RCMP Const. Jullie Rogers-Marsh said she couldn’t confirm whether Ward was arrested Wednesday.

Ward’s arrest, however, played out in real-time on Facebook.

Half-way to the Moncton RCMP detachment, sitting in the back of the police cruiser, Ward realized his wife’s phone was still in his pocket. With his hands cuffed in the front, he dug out the phone and photographed himself and then posted the “selfie” on Facebook.

He also sent Facebook messages to people in Elsipogtog asking them to contact a lawyer on his behalf.

“Someone send me a lawyer,” wrote Ward on his Facebook page . “I been arrested. For breach of condition. Someone. Chief and council. Please Anyone! (sic).”

In another Facebook post, Ward said he was feeling “dizzy,” that his head was “spinning” and that he told the arresting officers he suffered from post-traumatic stress disorder.

“I am scared of a jail cell. I was 14 when something happened to me. I can’t stay in. My heart can’t take it,” wrote Ward on his Facebook page. “I just want to be home with my family. I’m confused. And lost.(sic)”

In a Facebook message to an individual in Elsipogtog, Ward claimed that there were “two cop cars escorting me. I’m in the back of a cop car now.”

The Elsipogtog resident responded, asking for his cell number.

“They will take my phone if they see me call,” wrote Ward.

“My Facebook blew up so much it slowed down my phone,” said Ward, in a phone interview with APTN National News. “The notifications and inboxes going on the phone slowed it down so I couldn’t respond back to anybody.”

He said he managed to log out of Facebook and shut down his phone by the time he reached the detachment.

“When I got to the police station there was already a couple calls waiting for me from lawyers,” he said.

FALLOUT FELT IN BC

The events in Elsipogtog have also impacted the relationship between the RCMP and First Nation communities in other parts of the country.

The chief and council of the Skeetchestn Indian Band in B.C. recently wrote a letter to New Brunswick Premier David Alward and the New Brunswick RCMP expressing “outrage” over police actions in the province. Skeetchestn has a policing agreement with the RCMP.

“The shale gas exploration by SWN Resources Canada is clearly against the wishes of the Mi’kmaq people and is being conducted on land that was never ceded to the Crown and is clearly within their traditional territory,” said Dec. 6 letter. “The pepper spraying by the RCMP of elders and women of the Elsipogtog First Nation, who are engaged in peaceful protests, is a situation that violates everything that we ourselves hold dear as a nation and must stop.”

Mike McKenzie, who is representing Skeetchestn at the AFN gathering, hand delivered the letter to Bates and Butterworth-Carr.

Skeetchestn Coun. Terry Deneault said the events in Elsipogtog left his community worried.

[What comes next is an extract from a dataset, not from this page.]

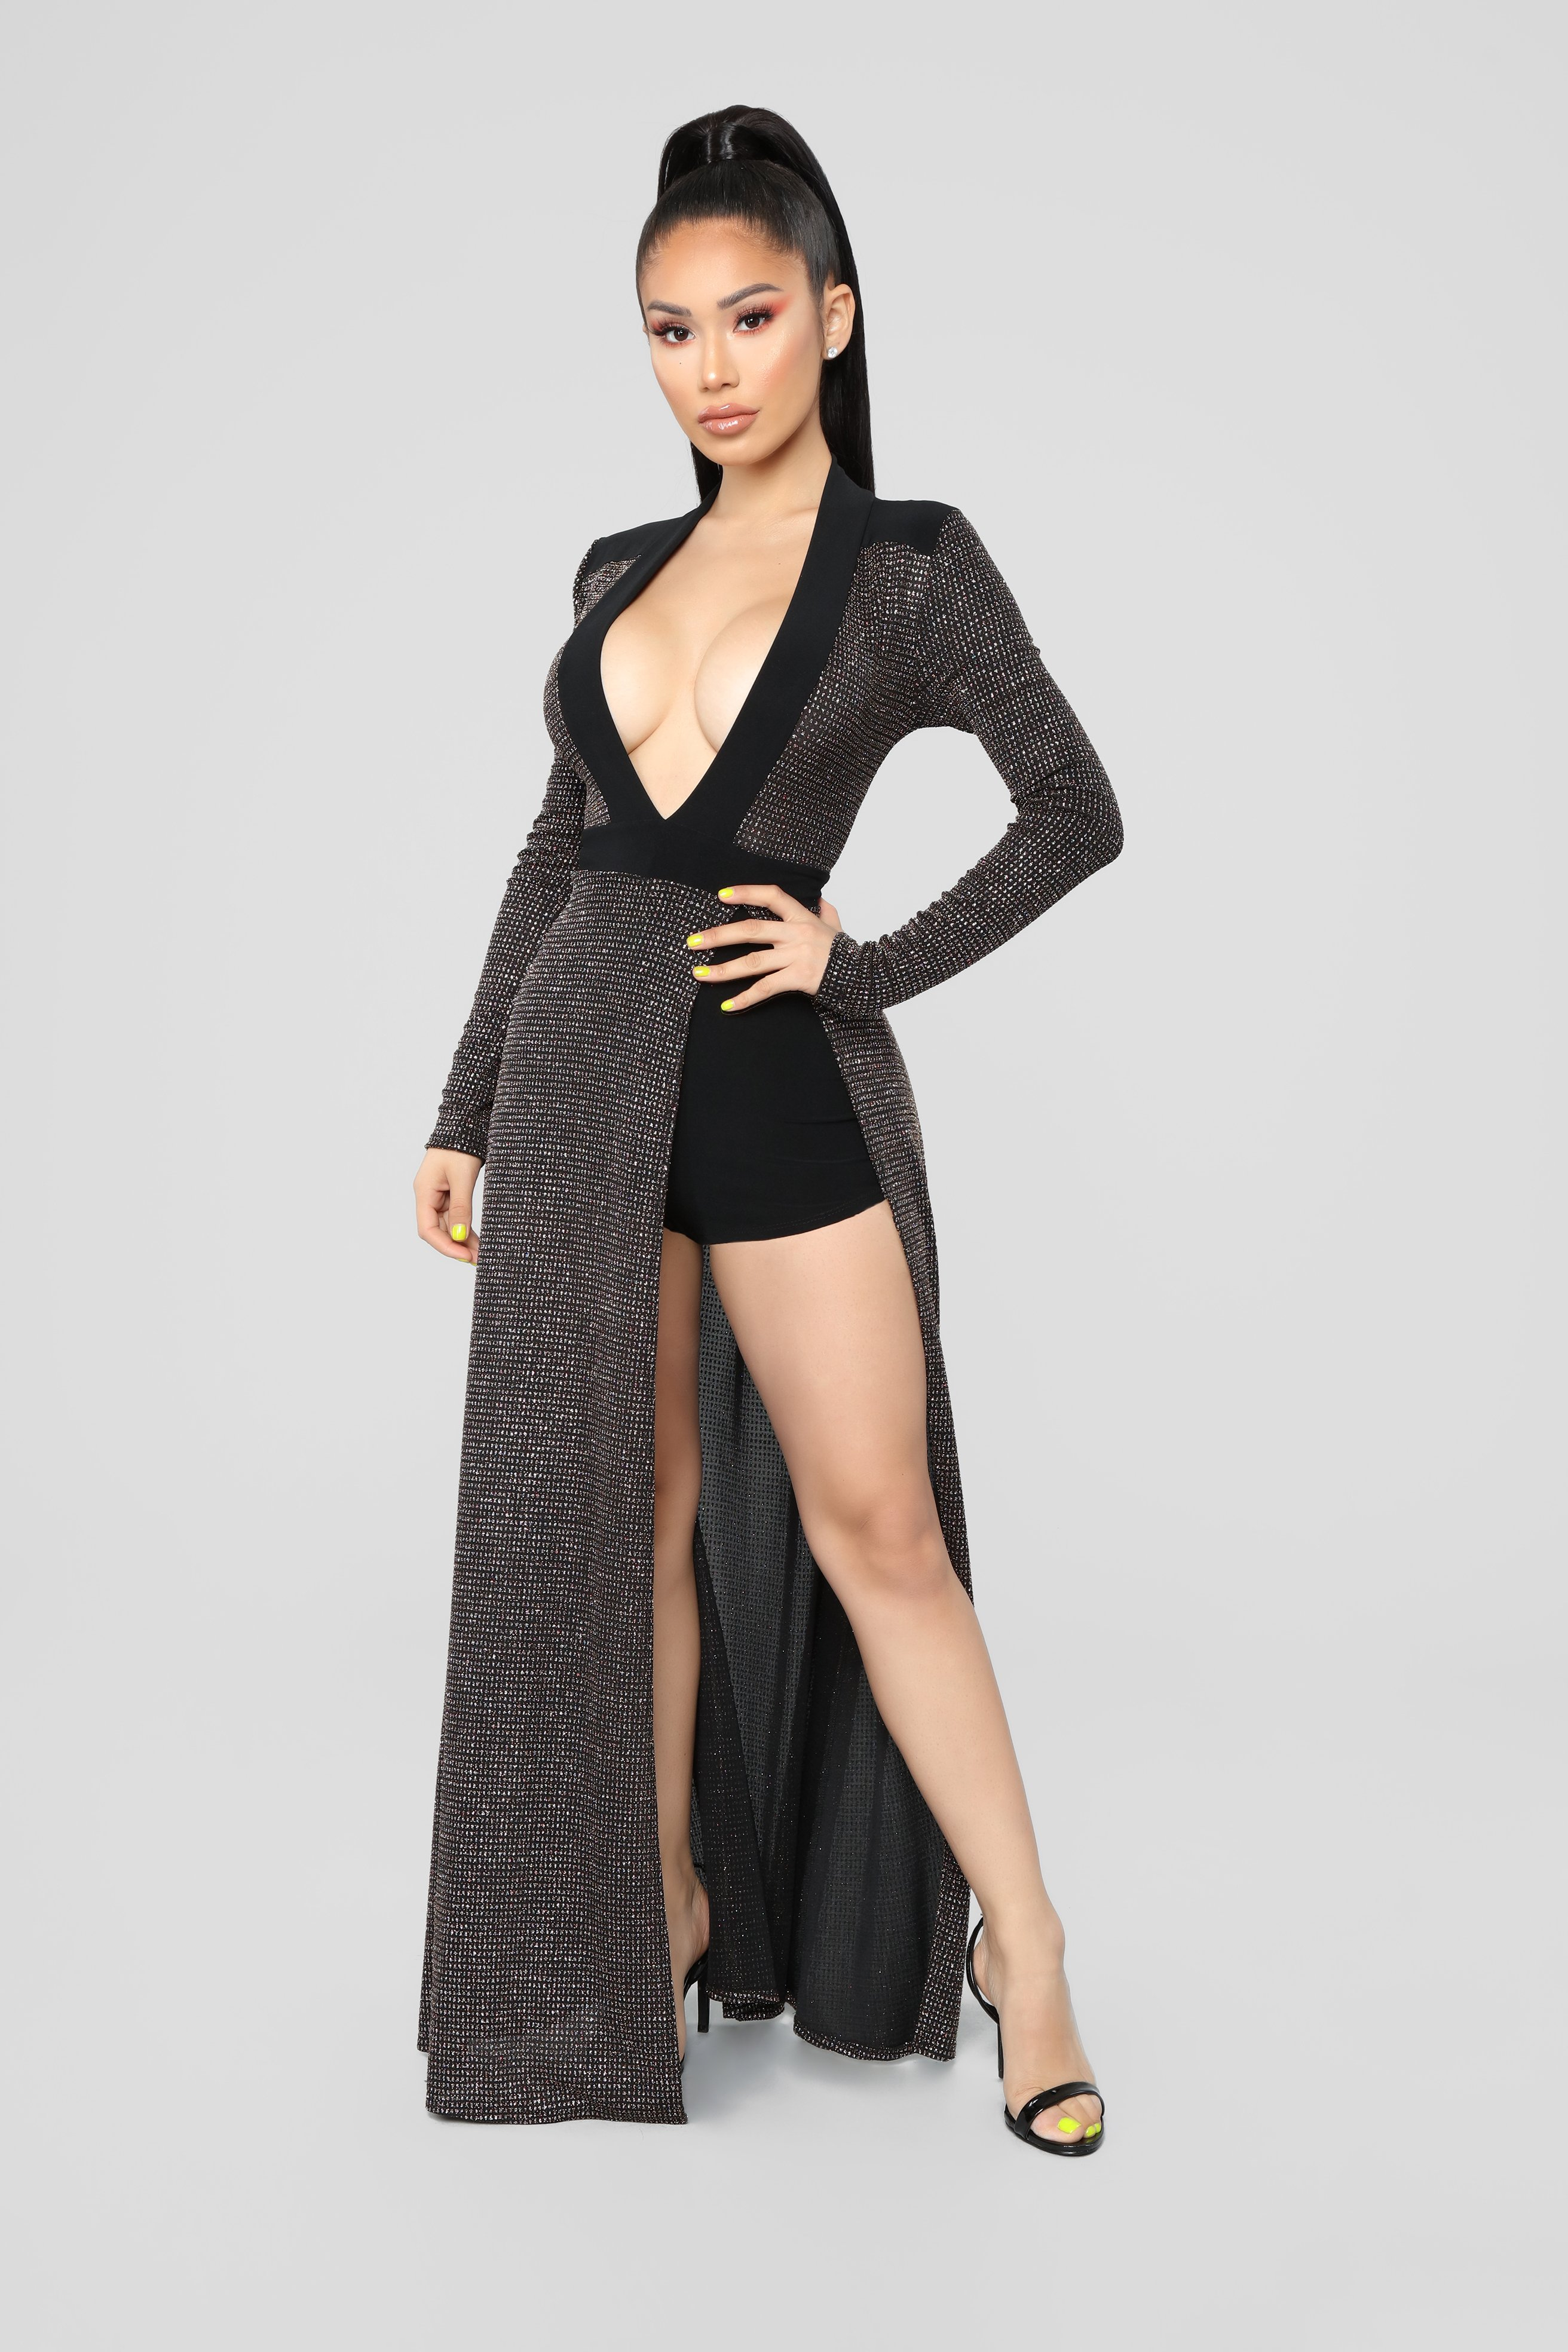 26bf5c8eb34 Fashion Nova Maternity Dress Dress Code Fashion t

“I have been hearing some rough stories about how our people were treated, our elders and our youth were pepper-sprayed and thrown to the ground. That shouldn’t happen,” he said. “I don’t know who the RCMP are really looking out for. Is it the health and safety of every Canadian citizen or the companies that are fracking?”

Butterworth-Carr said the RCMP plays a neutral role in all conflicts.

“It’s not in support of a community, it’s not in support of shale gas in this instance, it’s not in support of the government, it’s to maintain safety for everyone involved,” she said.

Butterworth-Carr said it was time to rebuild the RCMP’s relationship with Elsipogtog.

“It’s about starting again, it’s about making sure there is candidness in conversation and a rebuilding of trust,” she said.